The San Francisco Planning Commission on May 9 certified the final environmental impact report and approved a suite of entitlements for the Stonestown redevelopment project, a multi-phase plan to transform the Stonestown Mall site and surrounding parking into a mixed-use neighborhood with up to 3,500 homes.
Planning staff presented the project and its requested approvals — certification of the final EIR; adoption of CEQA findings and a statement of overriding considerations; shadow findings for Rec and Park; general plan amendments; planning-code and zoning map changes to create a new Stonestown Special Use District (SUD); design standards and guidelines; and a 25-year development agreement between the city and Brookfield Properties. "The purpose of today's hearing is to present the final project and consider a series of resolutions and motions and to certify the project's EIR," planning staff said.
Brookfield representatives described a transit-oriented, phased plan that replaces surface parking with housing, retail and parks. "We are providing much needed housing with 3,500 units," Brookfield's Chrissy Donnelly told the commission. The sponsor and staff said the plan includes six acres of publicly accessible open spaces, a new retail spine on Twentieth Avenue, protected bike lanes, a childcare facility sized for about 100 children, and a 7,000-square-foot senior center to be leased for $1 per year to a nonprofit operator.
The development agreement ties community benefits to phases and contains three ways to meet the 20% affordable requirement: build inclusionary on-site units, donate up to three parcels for 100% affordable housing to the city or a nonprofit (the developer would need to subsidize if donated to a nonprofit), or pay in-lieu fees for up to 390 units. Planning staff said at least 300 affordable units will be physically built on-site and that the plan uses project check-in points every 600 units to verify milestones.
Environmental planning staff summarized the EIR findings: the project would cause significant and unavoidable impacts in several areas, including historic resources (demolition of the UA Theater), transit delay, construction noise, air quality and wind; the EIR lists mitigation measures but notes some impacts remain significant and unavoidable. The commission voted first to certify the EIR and then, after extended deliberation and public comment, voted to approve the larger entitlement package.

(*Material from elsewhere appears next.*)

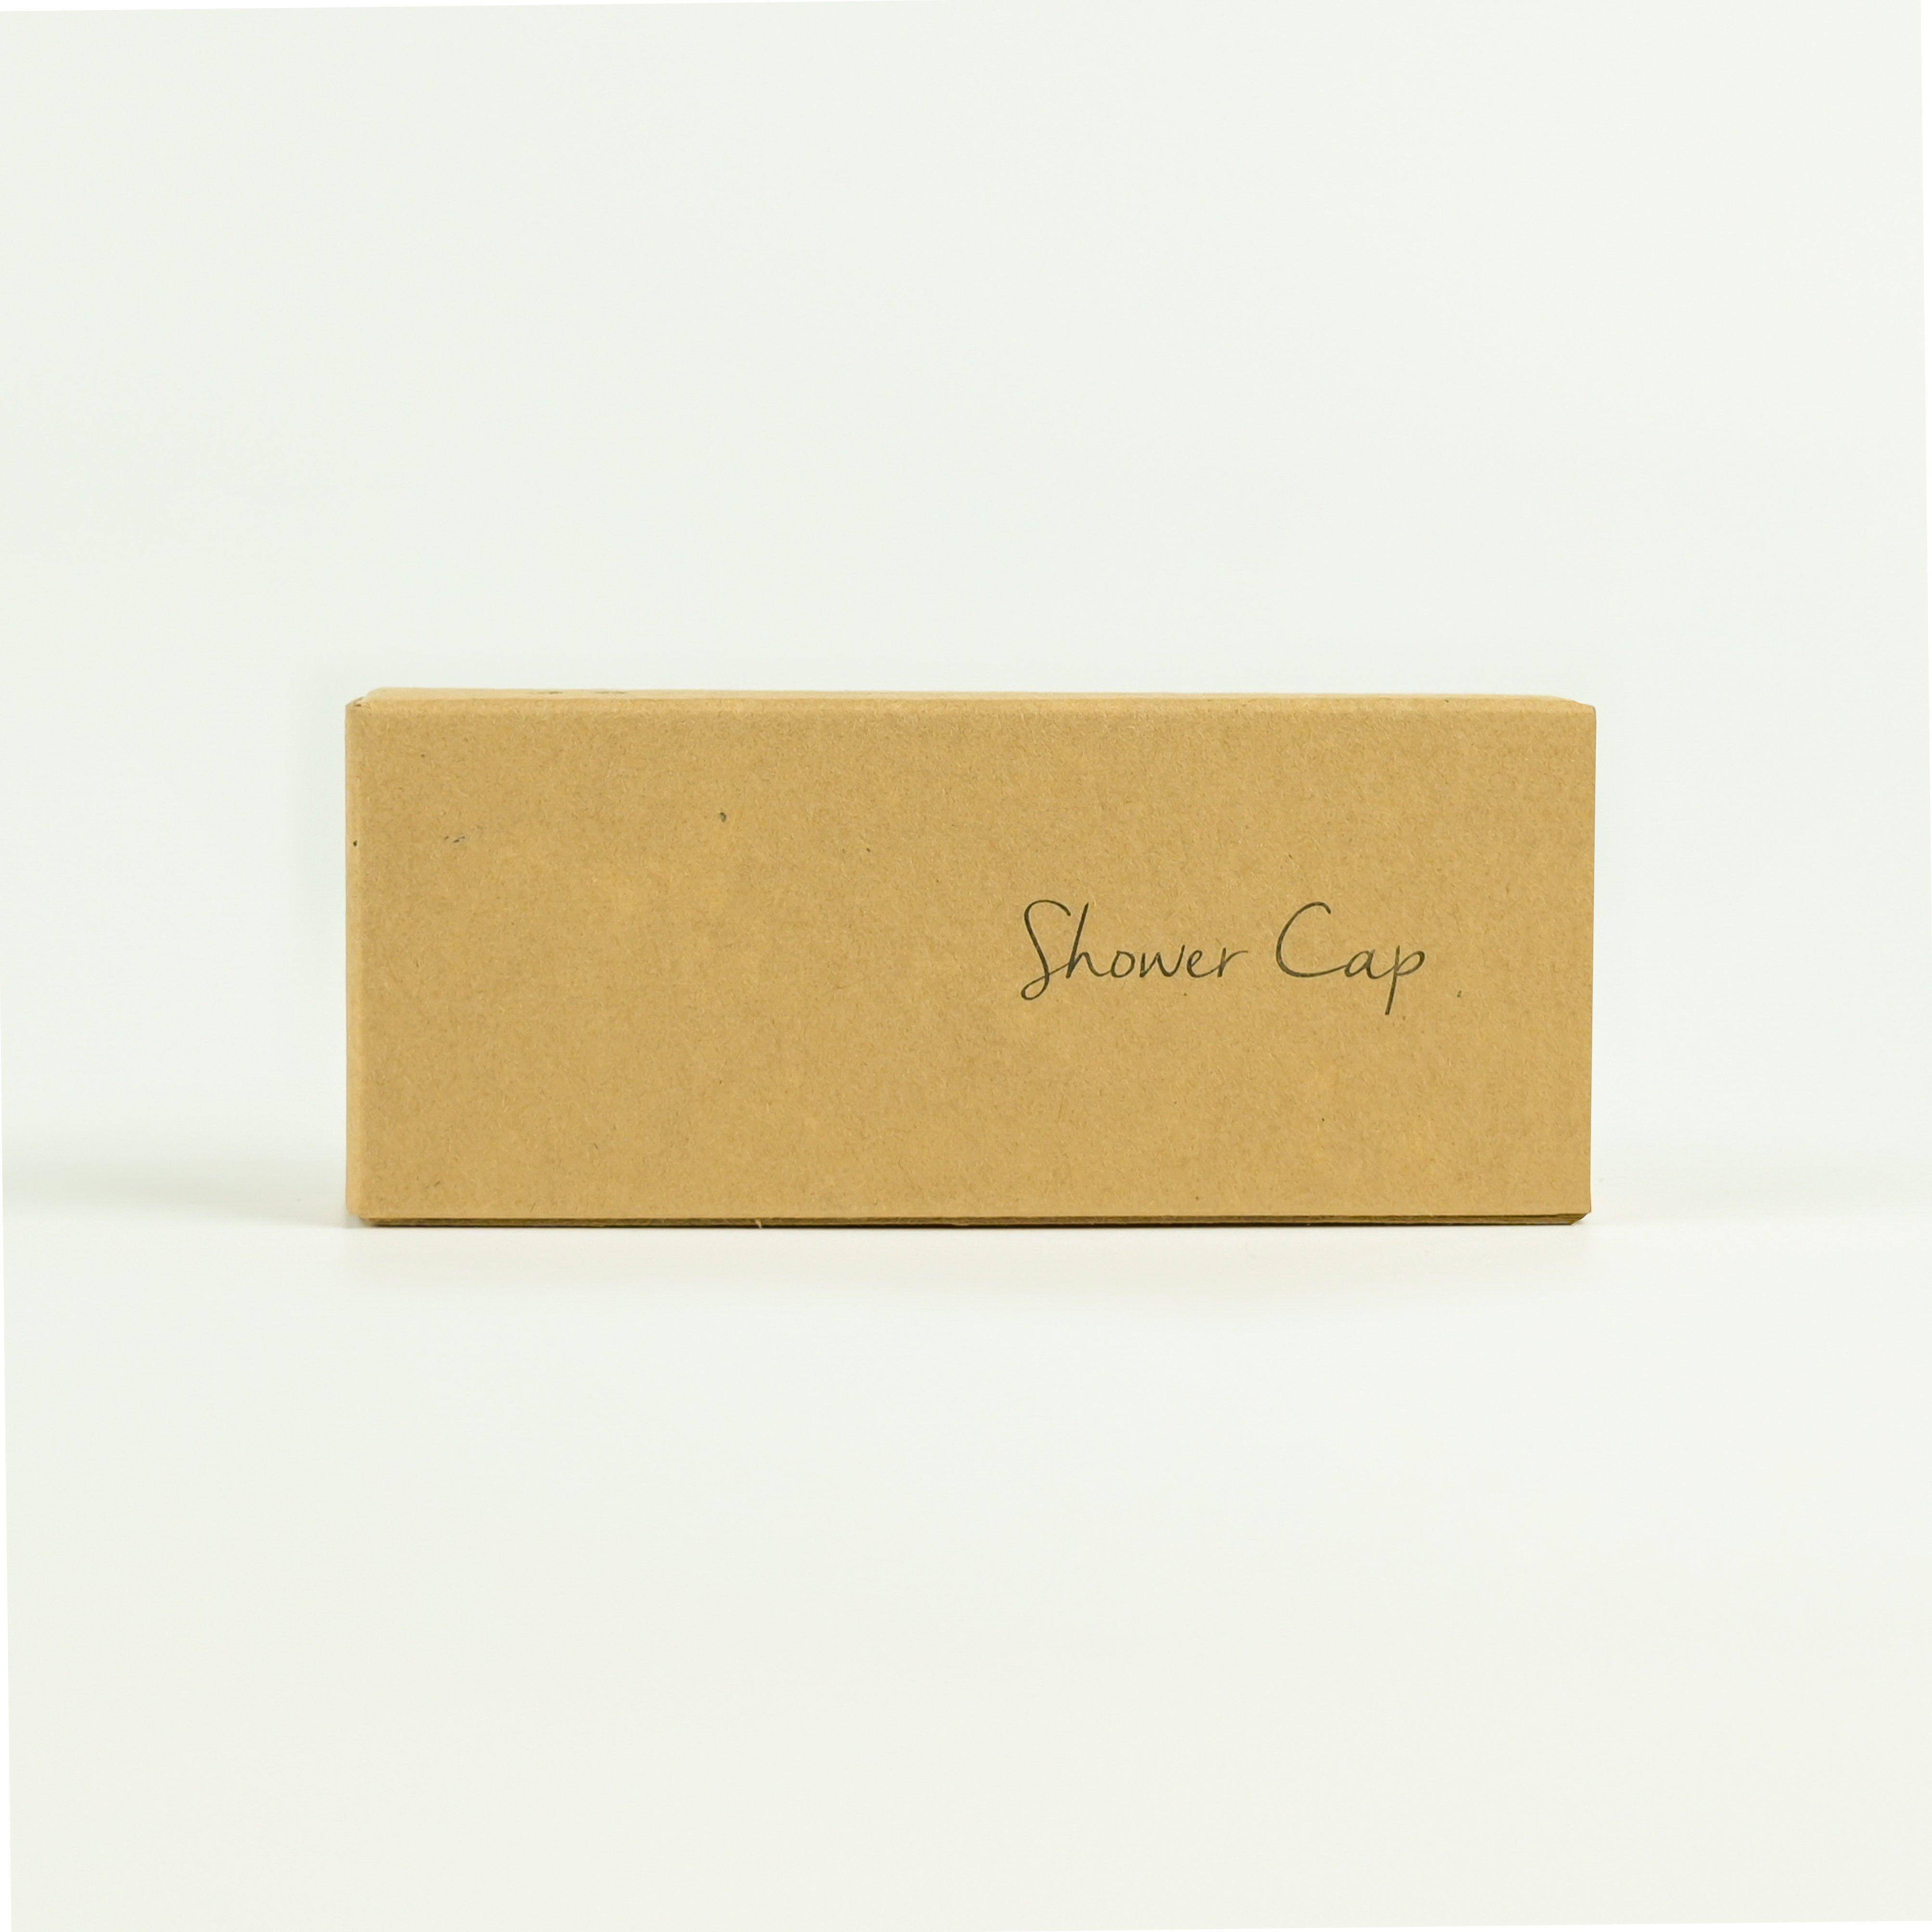 Disposable Shower Cap in Recycled Kraft Box - Image 1

Public comment was extensive and largely supportive: labor unions, neighborhood groups, the Sierra Club, YIMBY and many residents praised the project's housing supply, jobs and community benefits. Other speakers raised concerns about traffic impacts on Twentieth Avenue and nearby residential streets, the depth of affordability (urging mandatory land dedication rather than optional donations), and timing of benefits. Planning staff responded that the traffic analysis did not substantiate a claimed 20% traffic increase on a segment of Twentieth Avenue and said the project would include transportation mitigation and construction management plans reviewed by SFMTA and Public Works.
Commissioners praised the design, workforce and local hiring commitments, and measures intended to accelerate early phases. Commissioner Koppel moved to approve the package as amended in staff's read-in revisions; the motion was seconded and passed unanimously 7-0.
What happens next: the approvals enable master entitlements and implementation steps. Staff said the project will next be reviewed by Rec and Park (May 16), SFMTA (May 21), SFPUC (May 28) and the Board of Supervisors in early summer 2024; creation of an enhanced infrastructure financing district (EIFD) would require separate Board action.